Bloomberg: California’s Next Electricity Headache Is a Looming Shortage
California is once again serving as a valuable example to the rest of the United States, but it is an example of what not to do. Despite California’s plans to eliminate the use of fossil fuels, it turns out the state actually needs to build a lot more natural gas in order to maintain a reliable power grid.
Building these power plants will increase California electricity prices even more, but when compared to the cost of not having reliable electricity, it may not seem quite so bad.
The article below is from Bloomberg:
(Bloomberg) — As if California doesn’t have enough problems with its electric service, now regulators warn the state may be short on power supplies by 2021 if utilities don’t start lining up new resources now.
In the hopes of heading off a shortfall, the California Public Utilities Commission has ordered the state’s electricity providers to secure 3.3 additional gigawatts of reserve supplies. That’s enough to power roughly 2.5 million homes. Half of it must be in place by 2021 and the rest by August 2023.
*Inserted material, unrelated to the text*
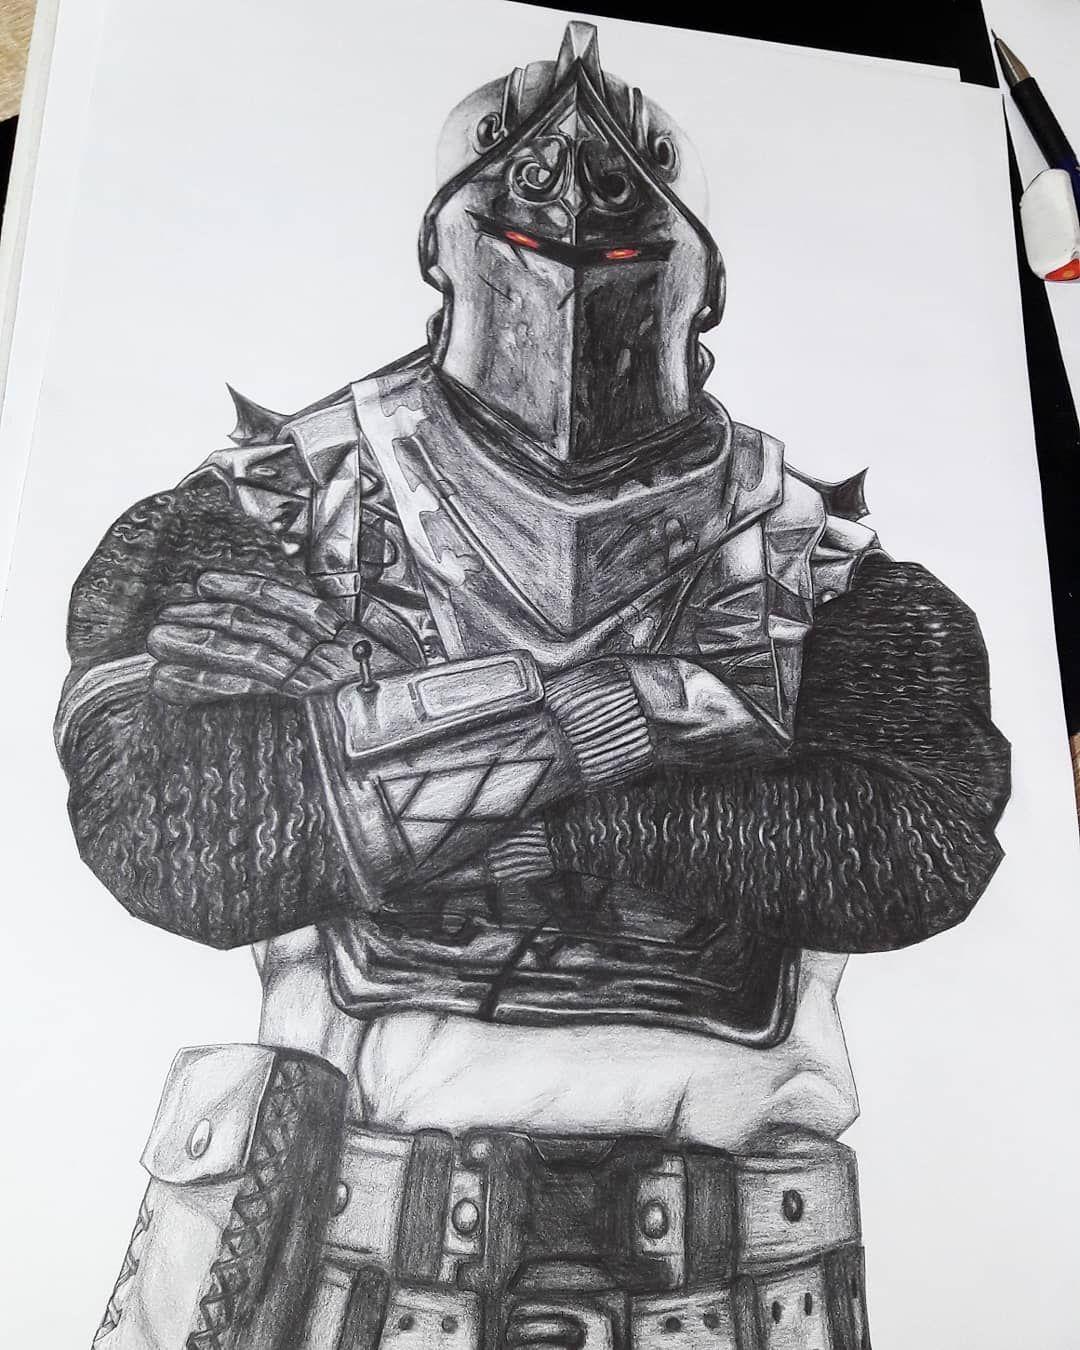 Fortnite Drawings: I Drawed The BLACK KNIGHT From Fortnite Hope You Guys Like

The move comes as California is already struggling to accommodate increasingly large amounts of solar power that regularly send electricity prices plunging below zero and force other generators offline so the region’s grid doesn’t overload. The state is also still reeling from a series of deliberate mass blackouts that utilities imposed last month to keep their power lines from sparking wildfires amid strong winds. And its largest power company, PG&E Corp., went bankrupt in January.
Now as natural gas-fired power plants retire, officials are warning the state could run short on electricity on hot evenings, when solar production fades and commuters get home and crank up their air conditioners. “We have fewer resources that can be quickly turned on that can meet those peaks,” utilities commission member Liane Randolph said Thursday before the panel approved the order to beef up reserves.
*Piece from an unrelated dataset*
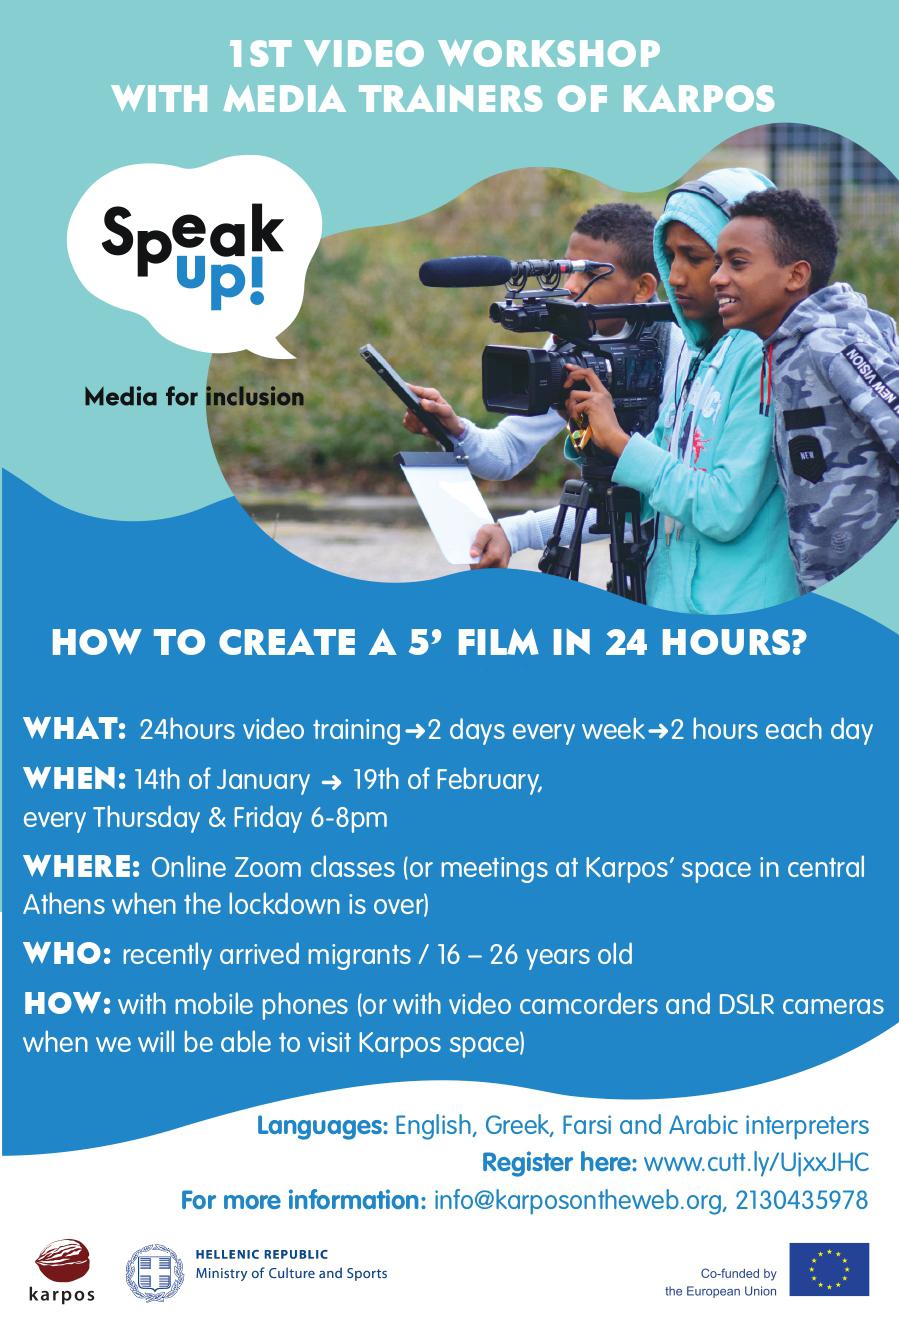 SpeakUp_card_A5_1st workshop2

The 3.3 gigawatts that utilities must line up is in addition to a state rule requiring them to sign contracts for 15% more electricity than they expect to need. Some critics question the need for added supplies, particularly after the state went on a plant-building boom in the 2000s.
But California’s grid managers say the risk of a shortfall is real and could be as high as 4.7 gigawatts. Mark Rothleder, with the California Independent System Operator, said the 15% cushion is a holdover from the days before big solar and wind farms made the grid more volatile. Now it may need to be increased, he said.
“We’re not in that world anymore,” said Rothleder, the operator’s vice president of state regulatory affairs. “The complexity of the system and the resources we have now are much different.”
The state’s three major utilities, PG&E, Edison International and Sempra Energy, will be largely responsible for securing new supplies. The commission banned fossil fuels from being used at any new power generators built to meet the requirement — though it left the door open for expansions at existing ones.
PG&E said in an emailed statement that it was pleased the commission didn’t adopt an earlier proposal to require 4 gigawatts of additional resources. Edison similarly said it was “supportive.” Sempra didn’t immediately respond with comment.
The pending plant closures are being hastened by a 2020 deadline requiring California’s coastal generators to stop using aging seawater-cooling systems. Some gas-fired power plants have said they’ll simply close instead of installing costly new cooling systems. So the commission on Thursday also asked California water regulators to extend the deadline for five plants.
The Sierra Club, meanwhile, called on regulators to turn away from fossil fuels altogether, saying their decision Thursday “sets California back on its progress toward a clean energy future.”
The move to push back the deadline also faces opposition from neighboring towns. Redondo Beach Mayor Bill Brand, whose city is home to one of the plants in line for an extension, told the commission it wasn’t necessary, since California utilities already have plenty of electricity reserves.